Chez Monique Ranou (Intermarché), les références ne se valent pas d’une étiquette à l’autre. En novembre 2023, le Jambon supérieur avec couenne sans nitrites, vendu 14,58 euros le kilo, était désigné meilleur choix petits prix dans un comparatif de l’association de consommateurs Familles Rurales. La version sans couenne Label Rouge de la même marque avait été notée avec prudence en 2020 pour ses teneurs en nitrites jugées seulement « acceptables ».
Label Rouge, bio : ce que les certifications ne couvrent pas
Les jambons Label Rouge sont issus de porcs élevés selon un cahier des charges précis : au minimum 182 jours d’élevage, une alimentation à base de céréales, une sélection sur cuisses entières fraîches. Ces critères favorisent un jambon avec davantage de viande musculaire et moins d’eau ajoutée, ce que les comparatifs traduisent par un meilleur score PCL, donc un goût plus proche de la viande réelle. Ils n’impliquent en aucun cas l’absence de nitrites dans le produit fini. Un jambon Label Rouge peut en contenir autant qu’une référence de marque de distributeur : la lecture de l’étiquette reste indispensable.
Les jambons biologiques sont soumis à des teneurs maximales en nitrites plus basses que les produits conventionnels, ce qui explique leurs bonnes positions sur Yuka. Les dégustateurs à l’aveugle des comparatifs les notent pourtant régulièrement moins bien que les grandes marques nationales sur les critères gustatifs. Certaines références bio atteignent 2,1 g de sel pour 100 g dans les tests, un excès que l’étiquette verte ne signale pas.

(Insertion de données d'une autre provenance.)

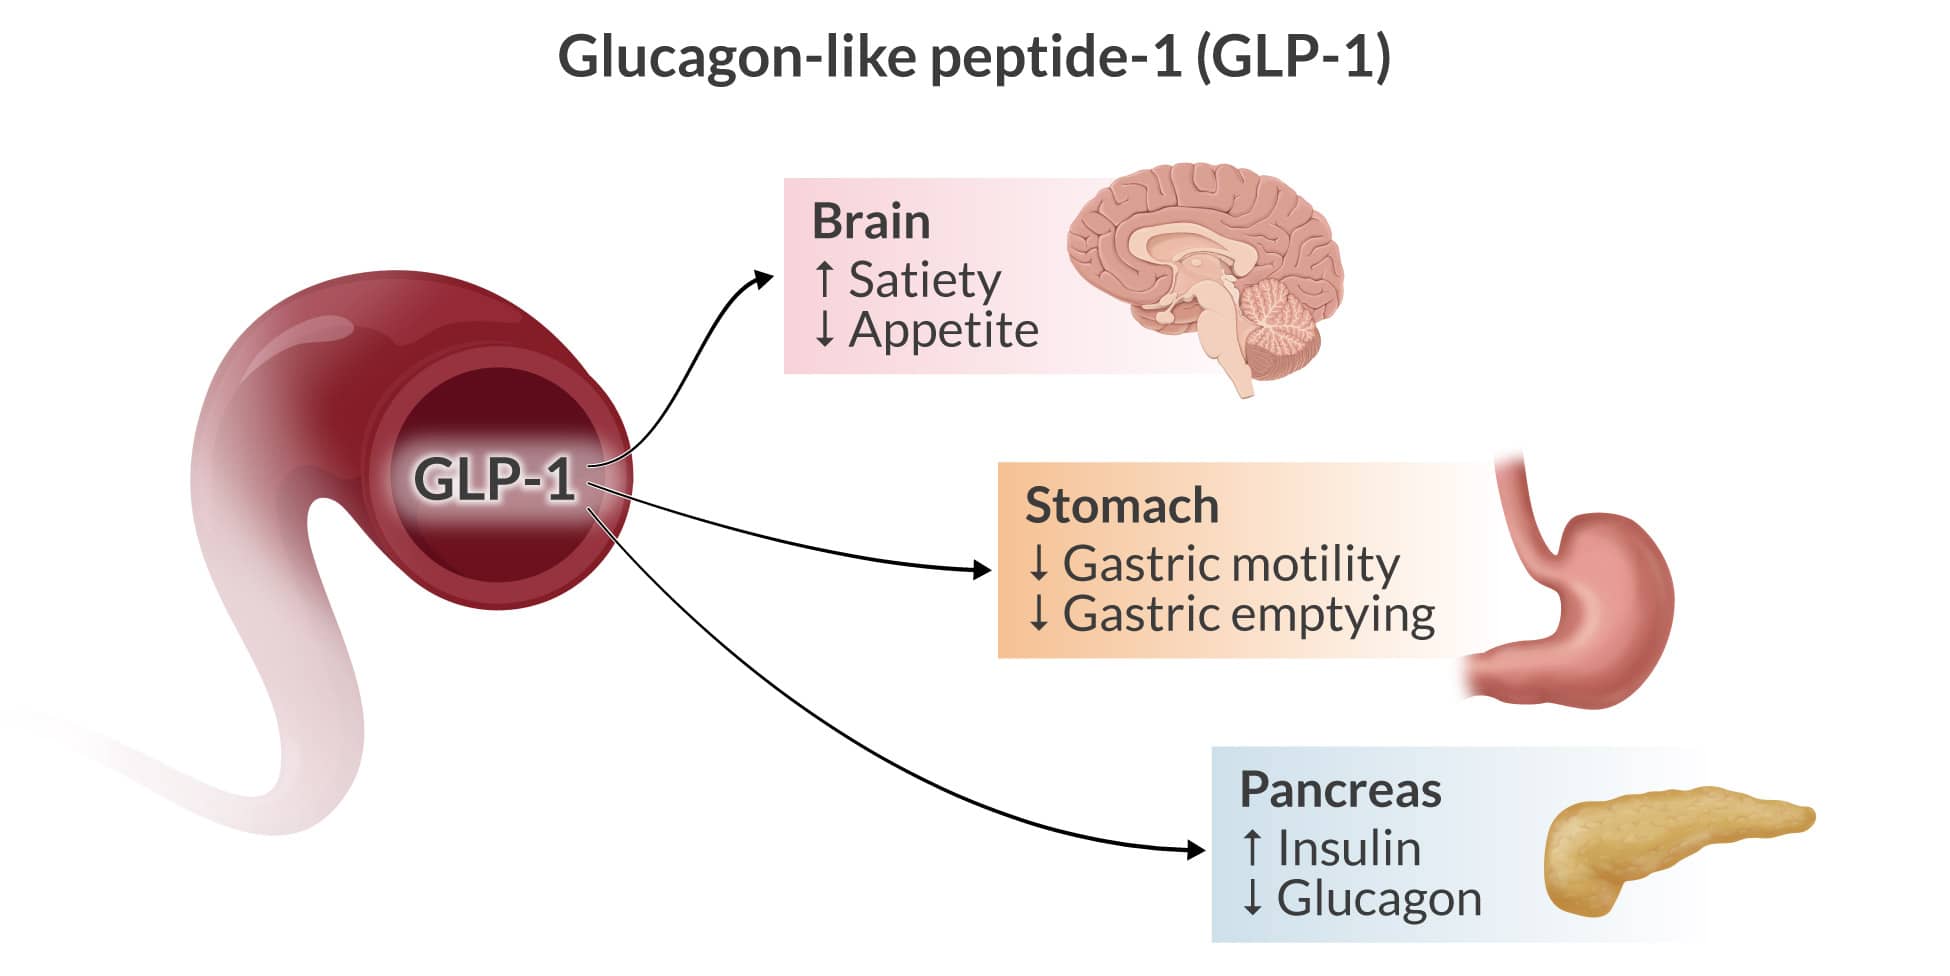 infographic detailing GLP-1 impacts on the brain, stomach, and pancreas

150 grammes par semaine : le seuil du PNNS
Le Programme national Nutrition Santé (PNNS), relayé par Santé Publique France, recommande de ne pas dépasser 150 grammes de charcuterie par semaine, soit environ trois tranches de jambon. Deux tranches d’un jambon à 2 g de sel pour 100 g représentent déjà environ un cinquième des apports journaliers recommandés en sodium pour un adulte.
Entre 2022 et 2024, les prix de la charcuterie ont augmenté de 15 % en cumulé, poussant les acheteurs vers les marques de distributeurs et le hard discount. Le marché du jambon cuit a néanmoins progressé en volume depuis 2024, porté par la baisse des cours du porc et un déplacement d’une partie de la demande depuis les viandes bovine et avicole. Dans ce contexte, les fabricants ont trouvé dans les références « sans nitrites » leur seul levier de croissance en valeur, au prix d’une promesse que le comparatif de mai 2026 vient de mesurer.